Assignment —
Where a picture appears in the data below, exclude it; restate everything else word for word.

(Input data Opens)

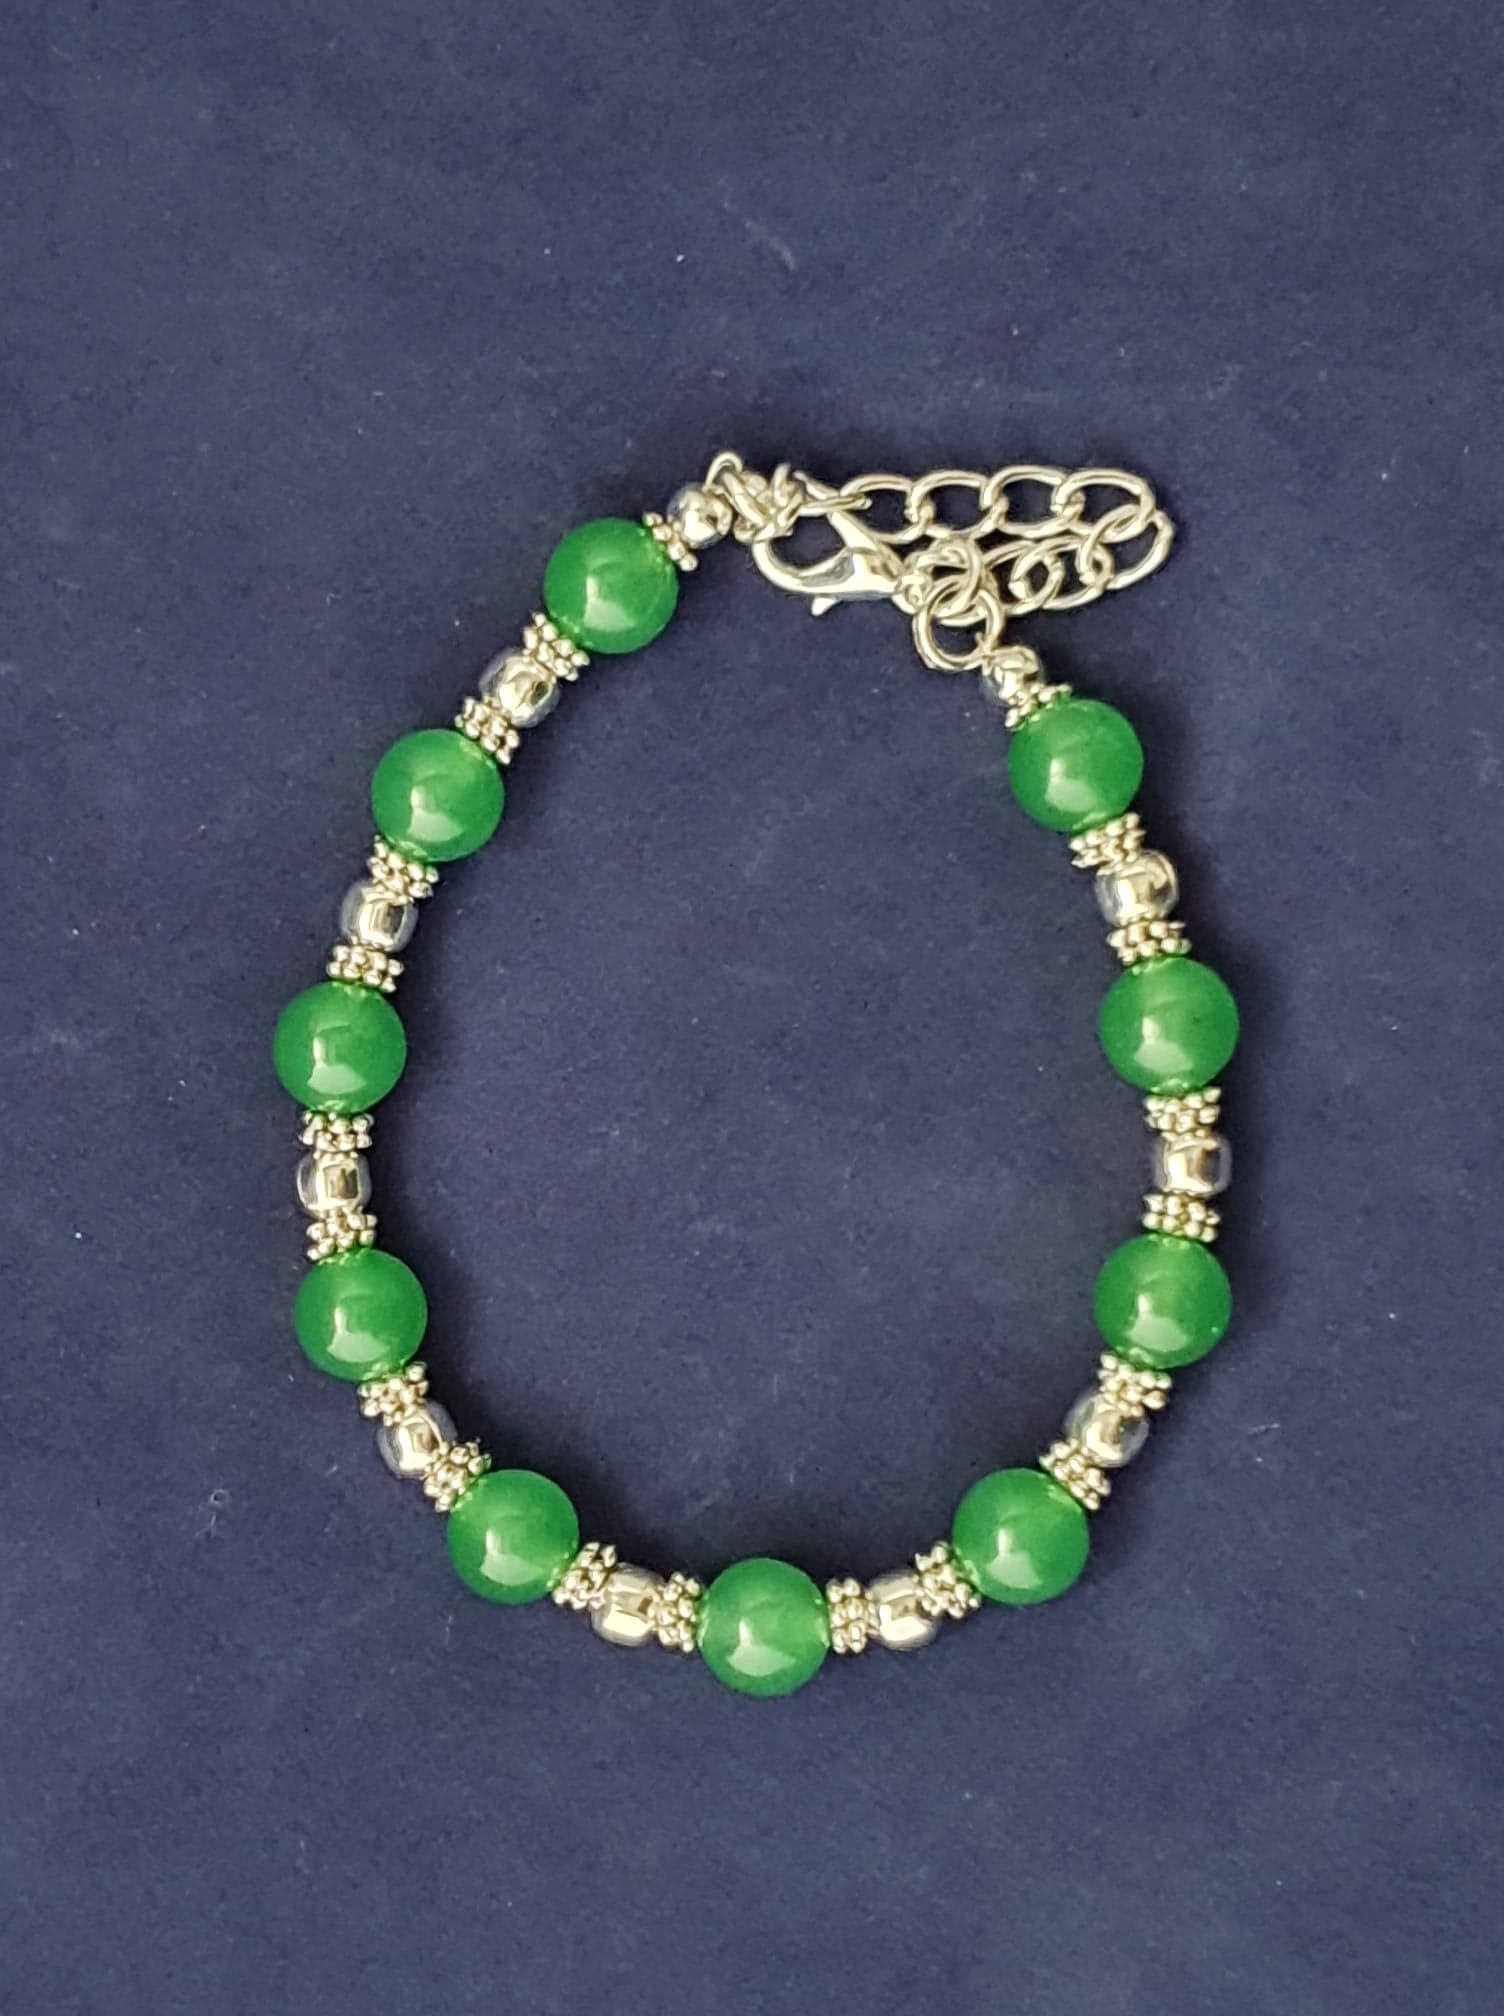 Green Aventurine beaded bracelet
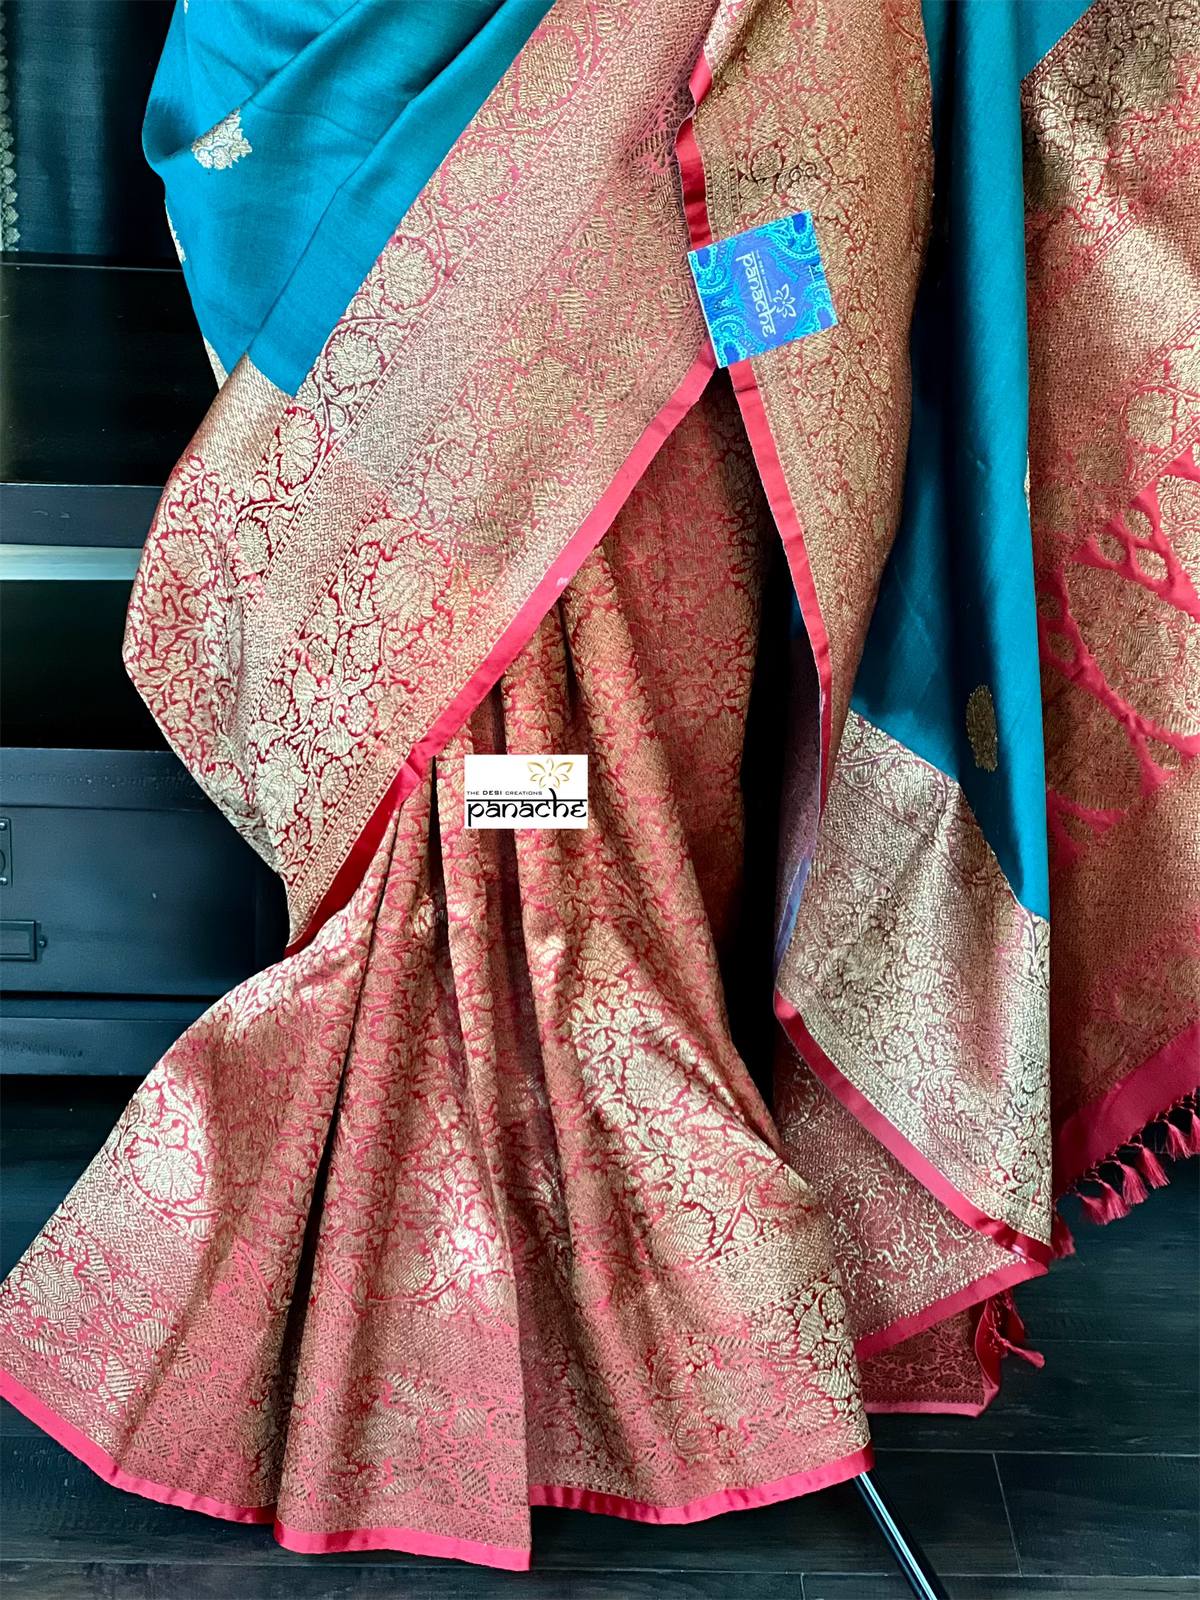 Tussar Silk Banarasi - Teal Blue Red Patli Pallu
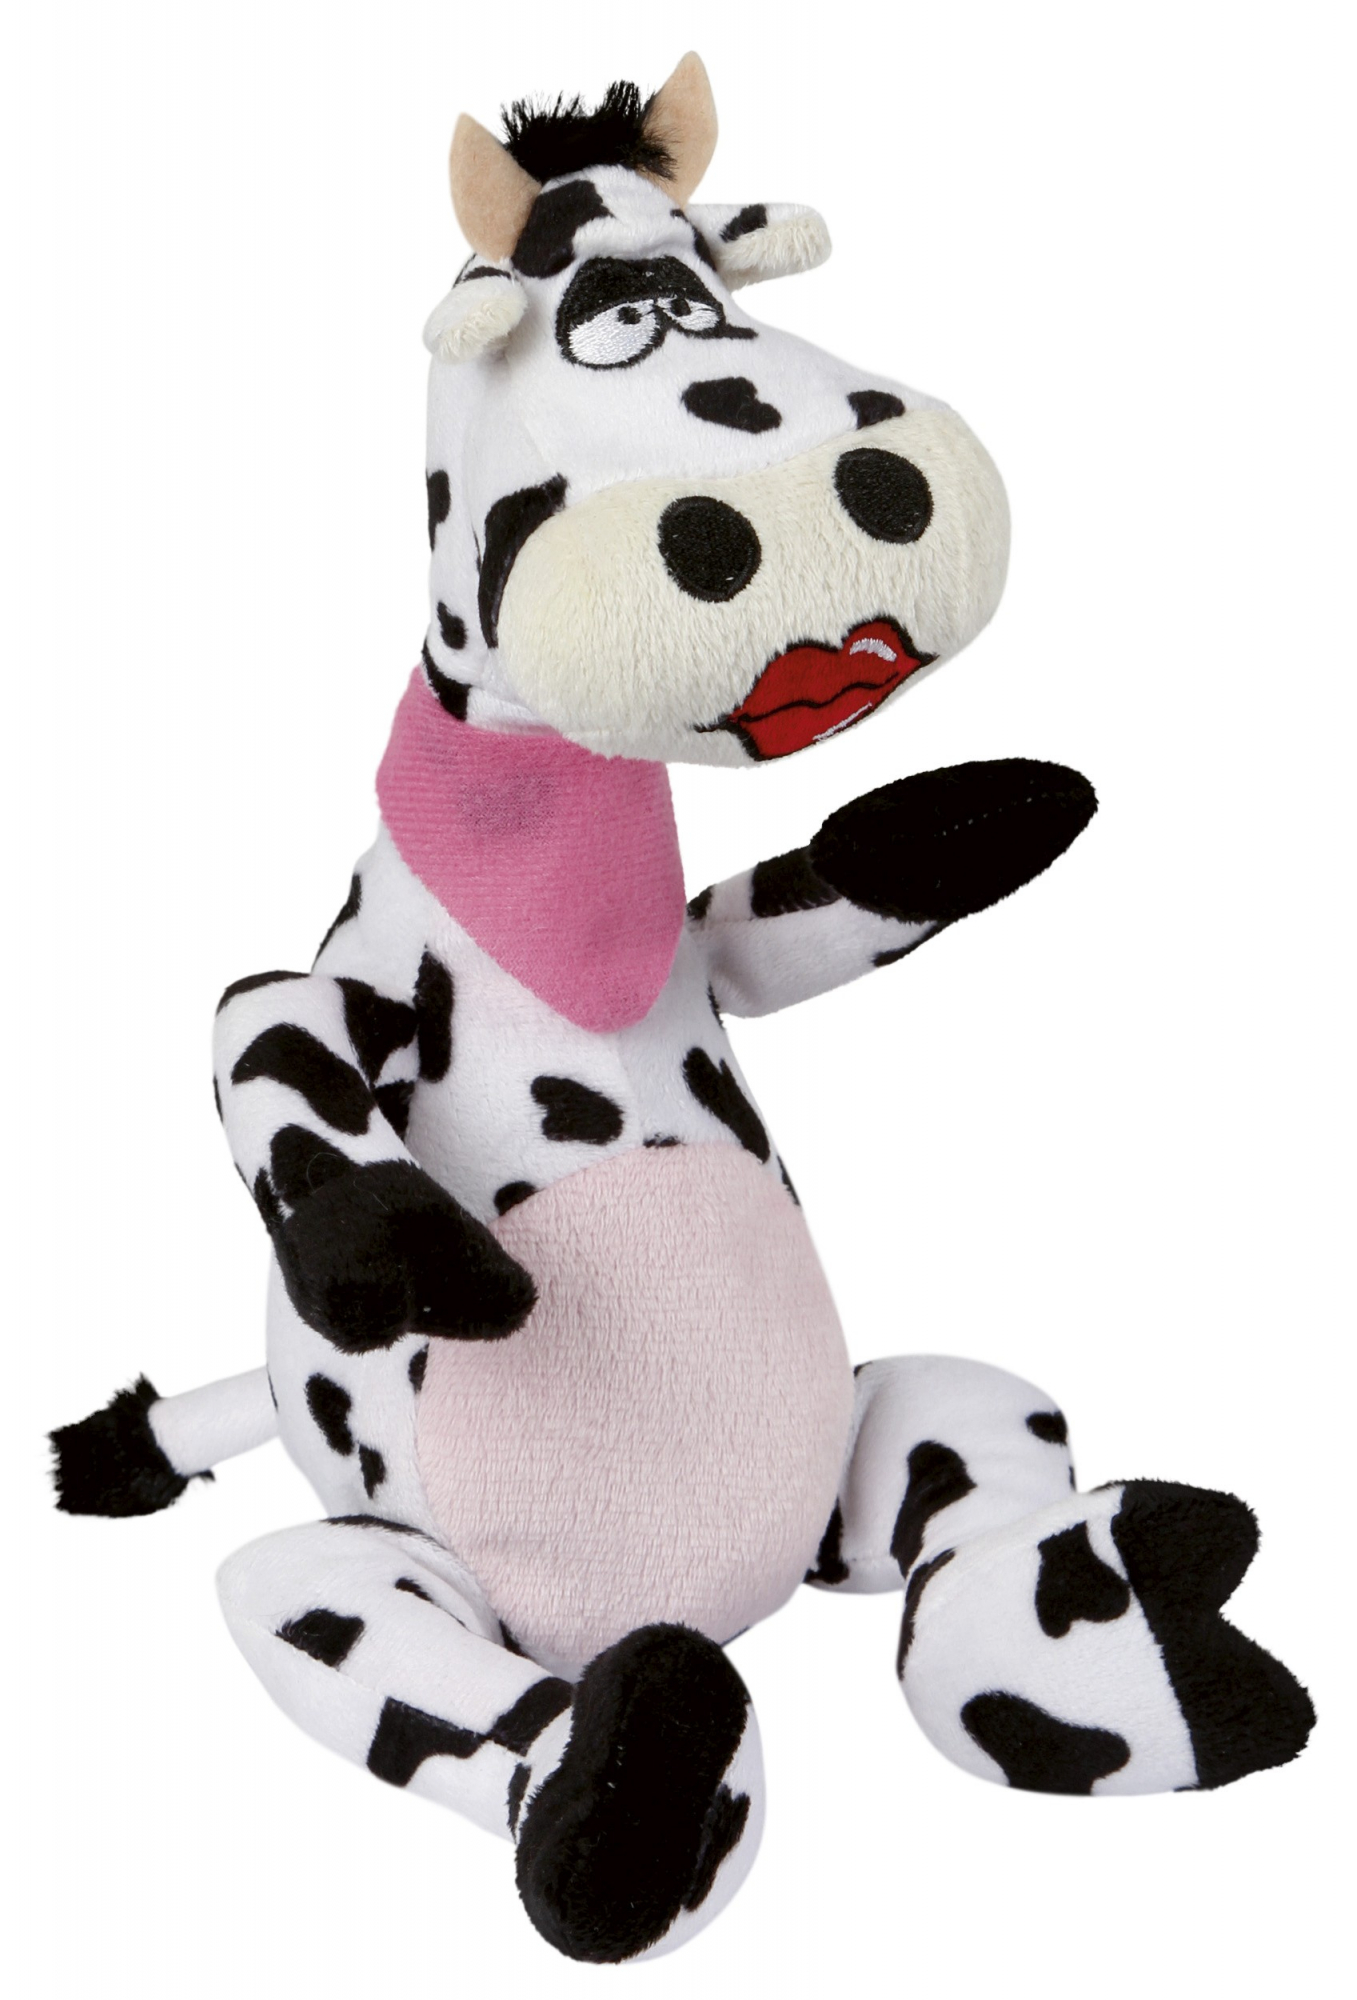 Brinquedo vaca Olga 20 cm

(Input data Closes)

Response to this task —
 Green Aventurine beaded bracelet
 Tussar Silk Banarasi - Teal Blue Red Patli Pallu
 Brinquedo vaca Olga 20 cm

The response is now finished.